## Work instruction
Word for word, repeat the data that follows. Do not include the pictures.

(Stored data)

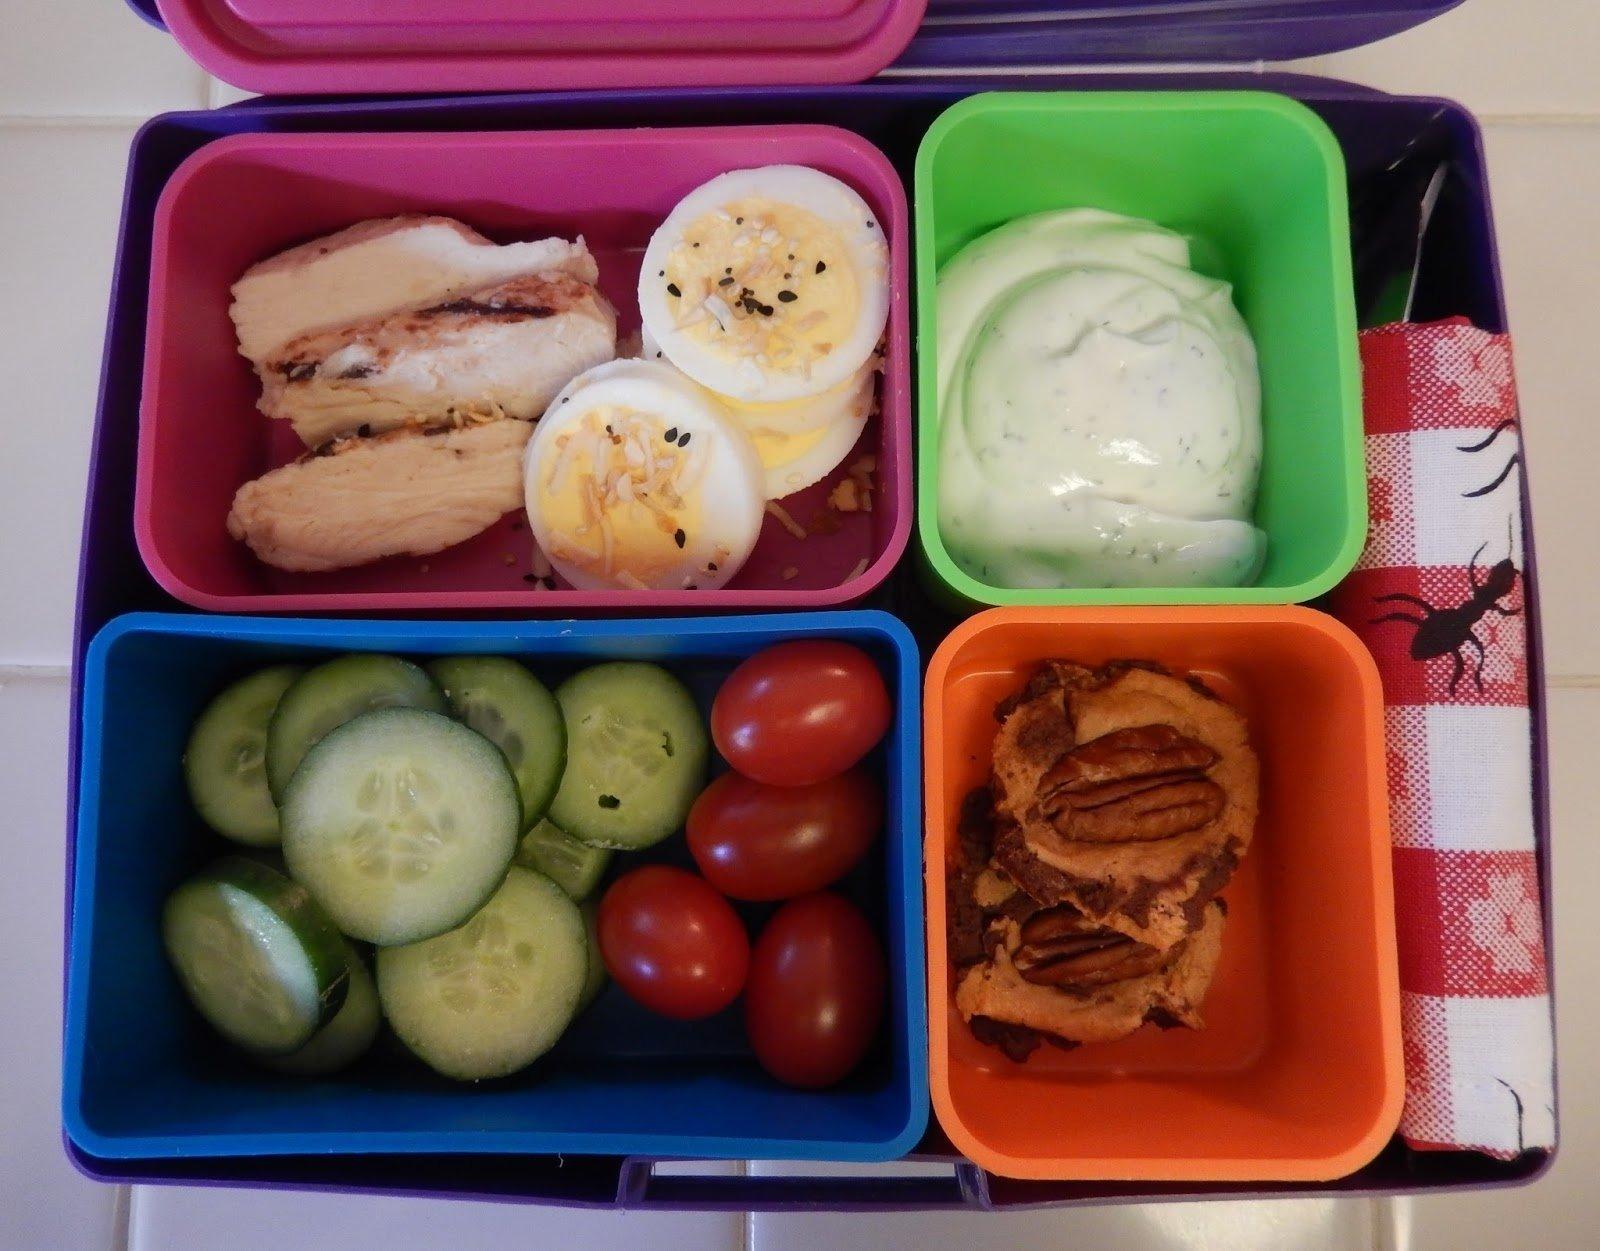 10 Attractive Bento Box Lunch Ideas For Adults theworldaccordingtoeggface bento box lunches 2021
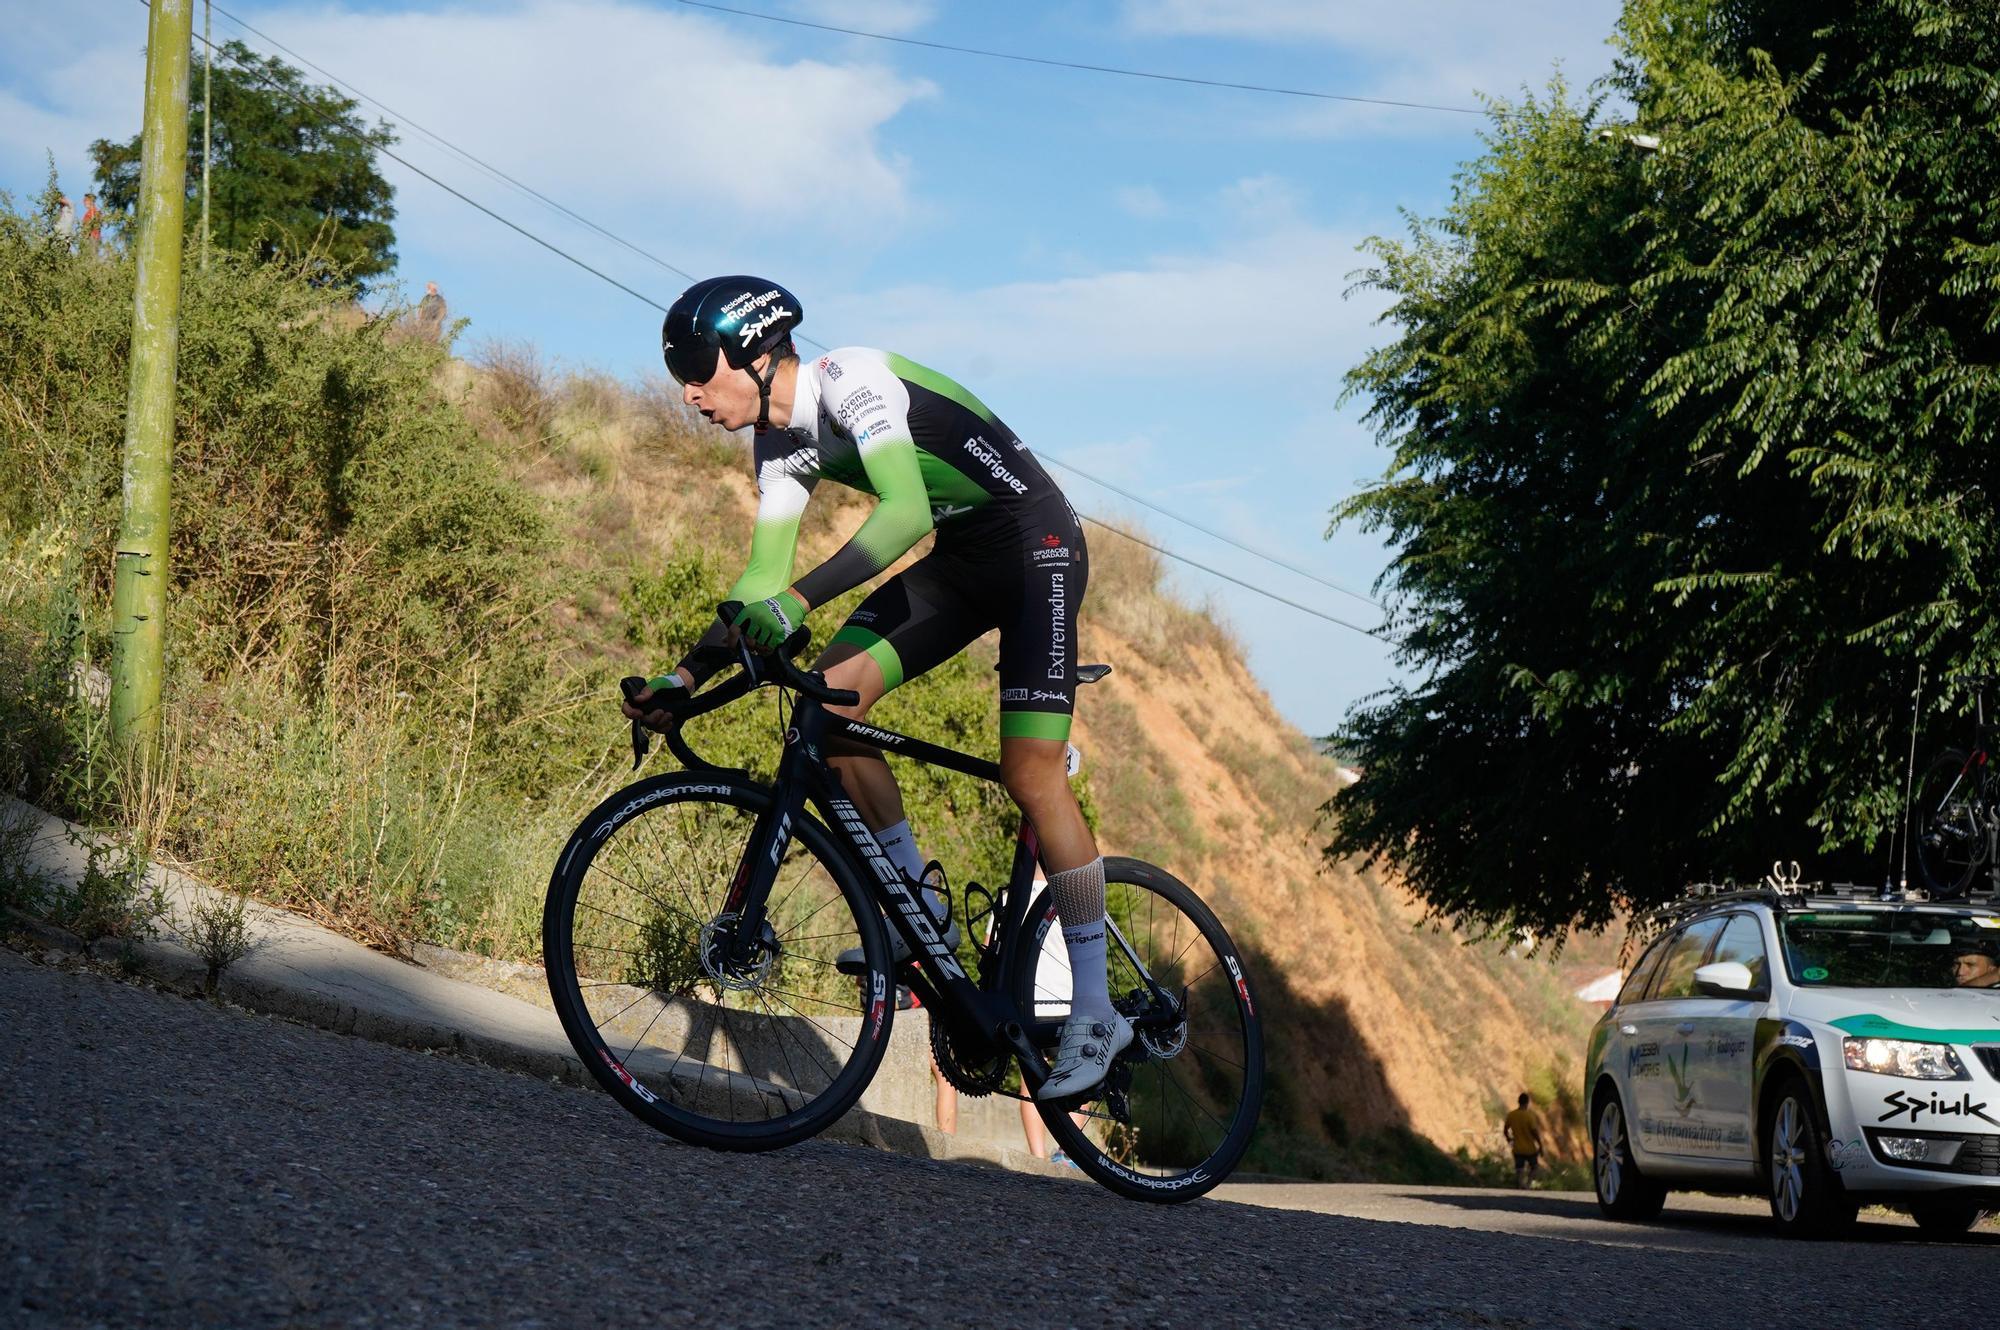 Vuelta Ciclista a Zammora - Primera etapa
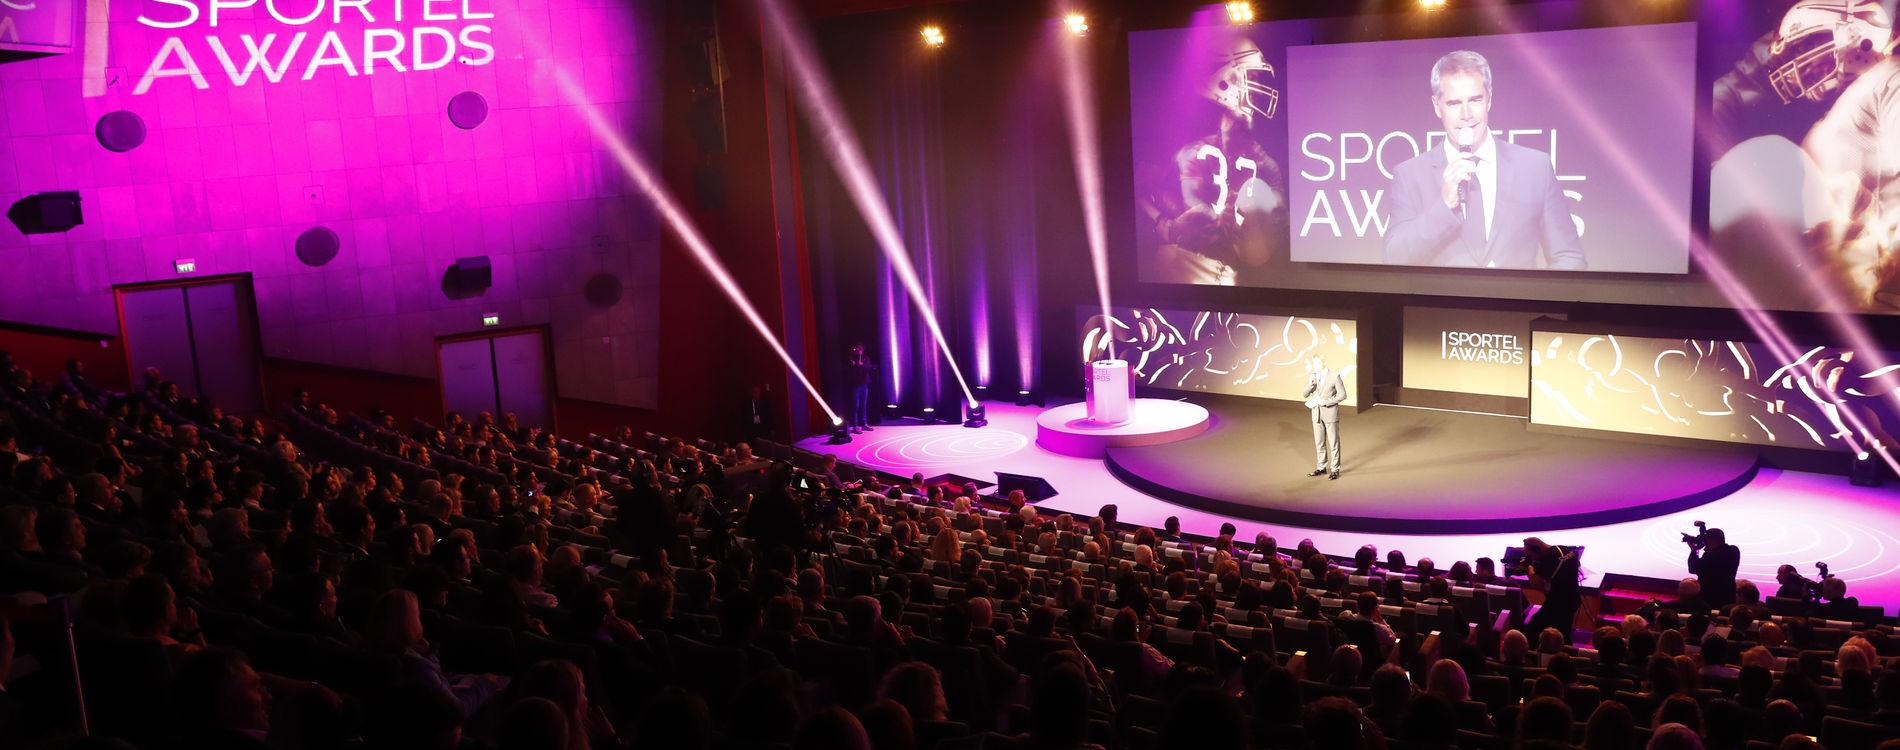 Monaco-Evènement-Spécial-Sportel-Awards-Monte-Carlo

(End Stored data)

## Result
 10 Attractive Bento Box Lunch Ideas For Adults theworldaccordingtoeggface bento box lunches 2021
 Vuelta Ciclista a Zammora - Primera etapa
 Monaco-Evènement-Spécial-Sportel-Awards-Monte-Carlo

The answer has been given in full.